It is quite funny all that - Wolfgang Frank is the Klopp mentor, end of story. Frank was a Sacchi obsessive, slight extension to story. Rangnik is Klopp's mate, and that's about the size of it.
Good shout Roy - Rafa Hongistein's Klopp book has a great chapter on Frank, his time with Mainz in the mid-late 90s and the influence and impression he left on Kloppo.
Rangnick is an interesting appointment, he's definitely been more 'Director of Football' than coach in recent years, and no one can doubt the superb work he did in the Red Bull group, but I don't think his time at Utd can be anything more than a plaster over a substantial wound - he hasn't the time to extensively drill the players, nor will he likely be afforded a significant budget for signings in January. He is certainly far more tactically aware than Utd's last coach but is known for being divisive - some of the dressing room will go with him, the rest will be dropped. There will be one or two big names with their noses out of joint within the next month.

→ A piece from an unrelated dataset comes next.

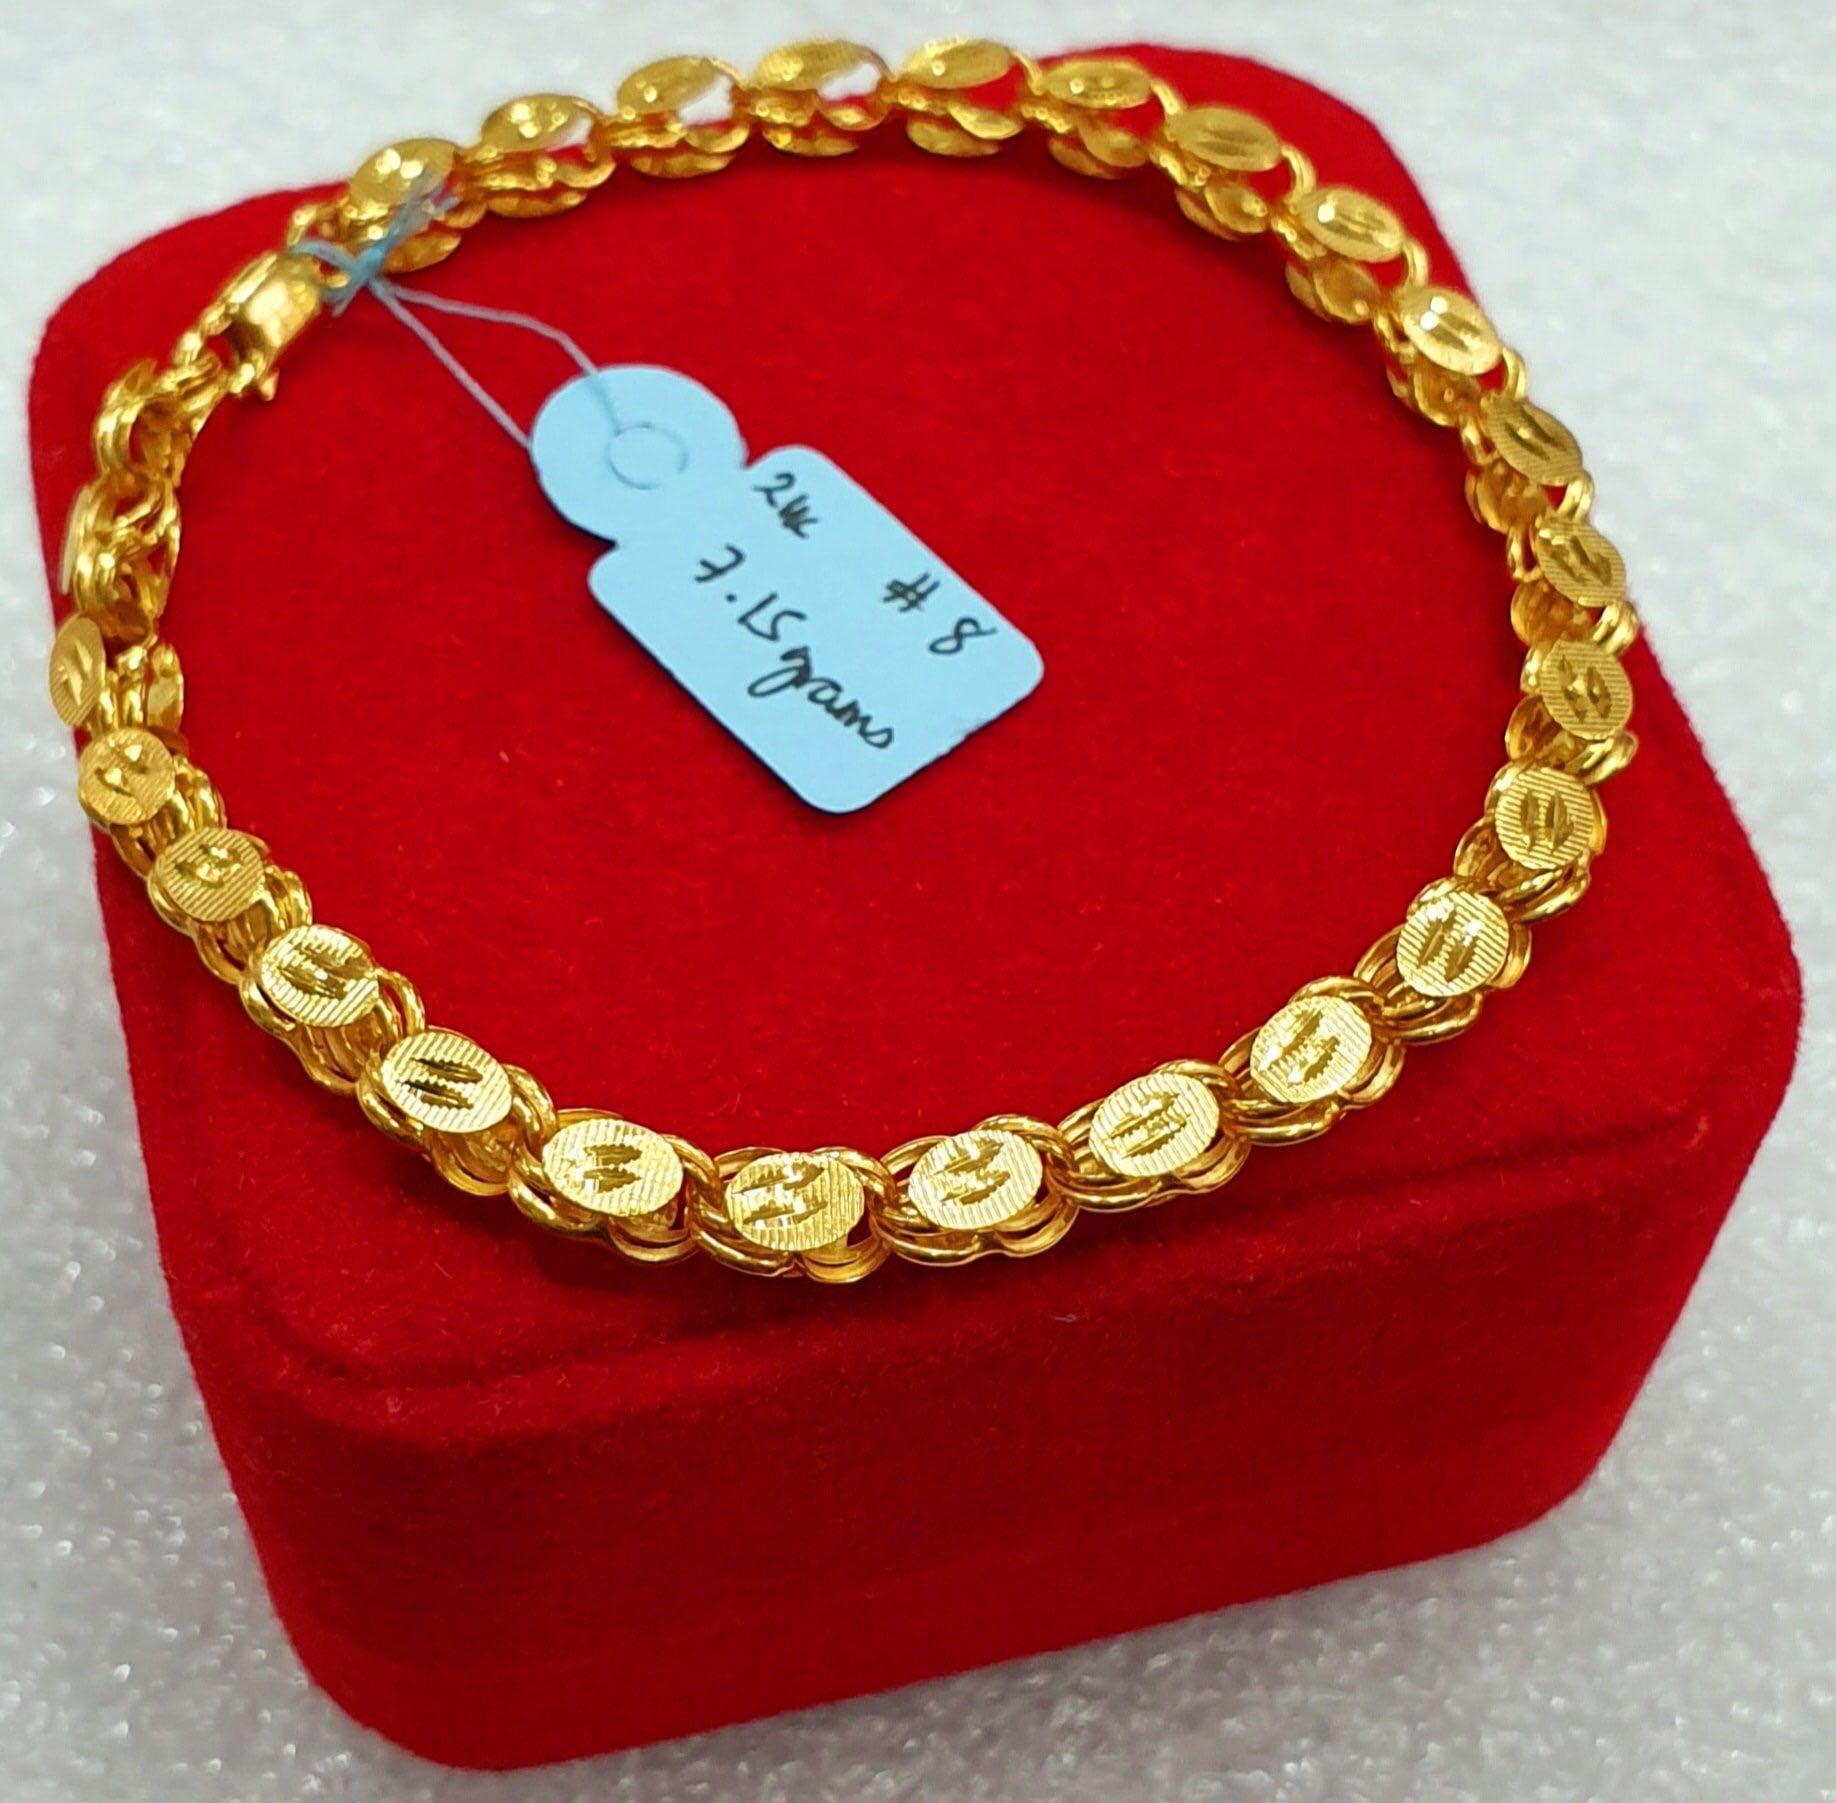 New design gold bracelet/How to Make Gold Bracelet - YouTube

It's funny that Mancs are heralding him as the inventor of Gegenpressing - which was being utilised by Soviet Teams in a fashion as early as the mid 80s - see Lobanovskyi's Dinamo Kyiv - when he patently is not the inventor, just a proponent and his Schalke and Hoffenheim teams, two of his more recent head coach roles, haven't utilised such a system. We also look at Utd and see a side woefully ill-equipped personnel wise to achieve such a style. We all know from the teething stages that implementing a furious, precise press took nigh on 18 months to two years for Klopp's Liverpool to get right.
He's authoritative, knowledgeable and tactically flexible, all good qualities. Let's see how he handles a calibre of player he's maybe not used to, your Pogbas, Ronaldos and Varanes.